JH: Style may be likened to a characteristic manner of speaking. One often changes one's way of speaking depending on circumstance. In writing, each poem is approached differently by the only way a poem may be approached, by words (the only visual/audible, verifiable approach to a poem, I should clarify). Is it true that each and every poem is approached differently? There is speaking, and there is the speaker. How different can a speaker be?  A poet's style may be appreciably different than it was ten years ago, but is it likely to be much different from ten days ago? This ten-day difference may happen a few times over a poet's lifetime, but probably wouldn't happen every ten days over a poet's lifetime.

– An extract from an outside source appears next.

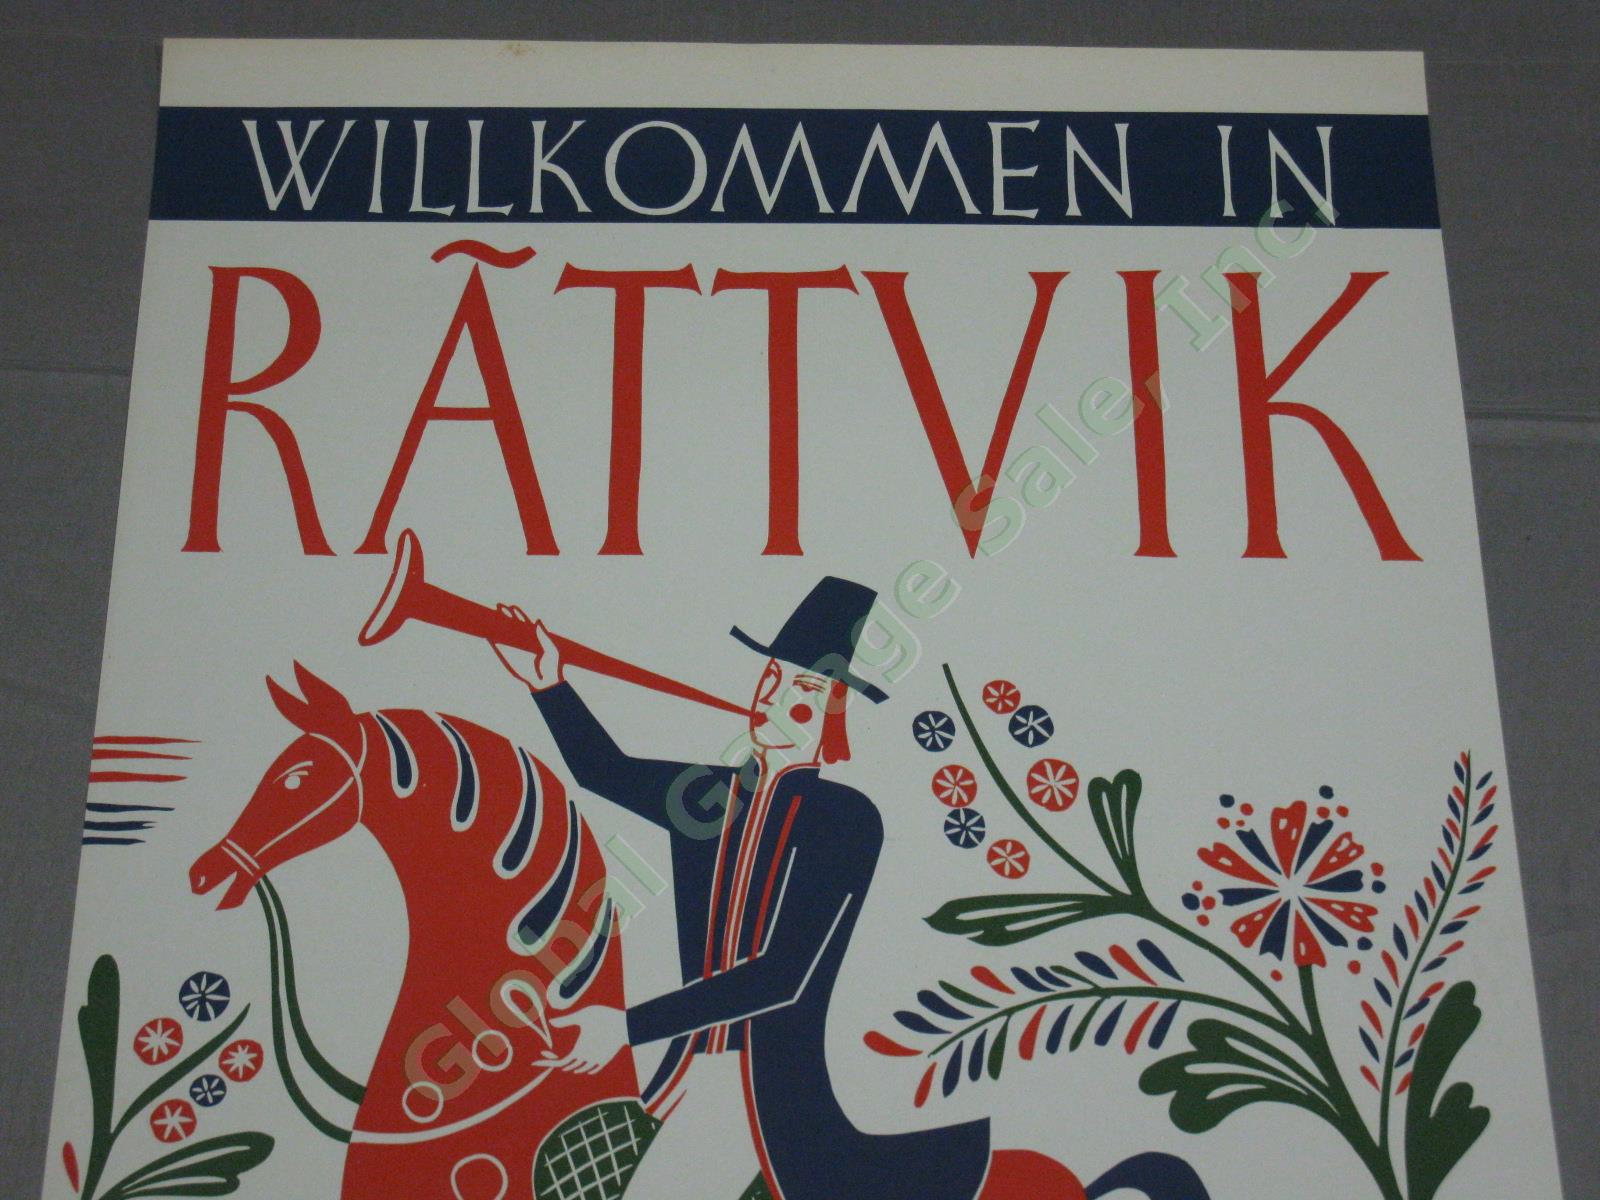 3 Vtg Swedish Sweden Travel Posters Rattvik Jerk Werkmester Vastmanland 1940s+ 2

AHB: I suppose if you are mining  the earth for whatever ore you first find the precious. As you dig, perhaps you find greater concentration. As you continue, you find that the concentration diminishes as the lode pays out. I think writers tend to approach each poem the same, like with the previous.in repetition of this writing act, we find something different.

So speaking of which, you supplied Wryting-L with the following different sounding piece. No Greek, and kinda flaky:

Reminiscence

The masque at the Creaky Wink, it was some affair! Me and Het Rancifer, were we the Red Death, the Yellow King? You'd think. We, venerable, inveterate to the Wink, masqued as Gravestone and Madness Creek, newcomers to the Creaky Wink. Some pair!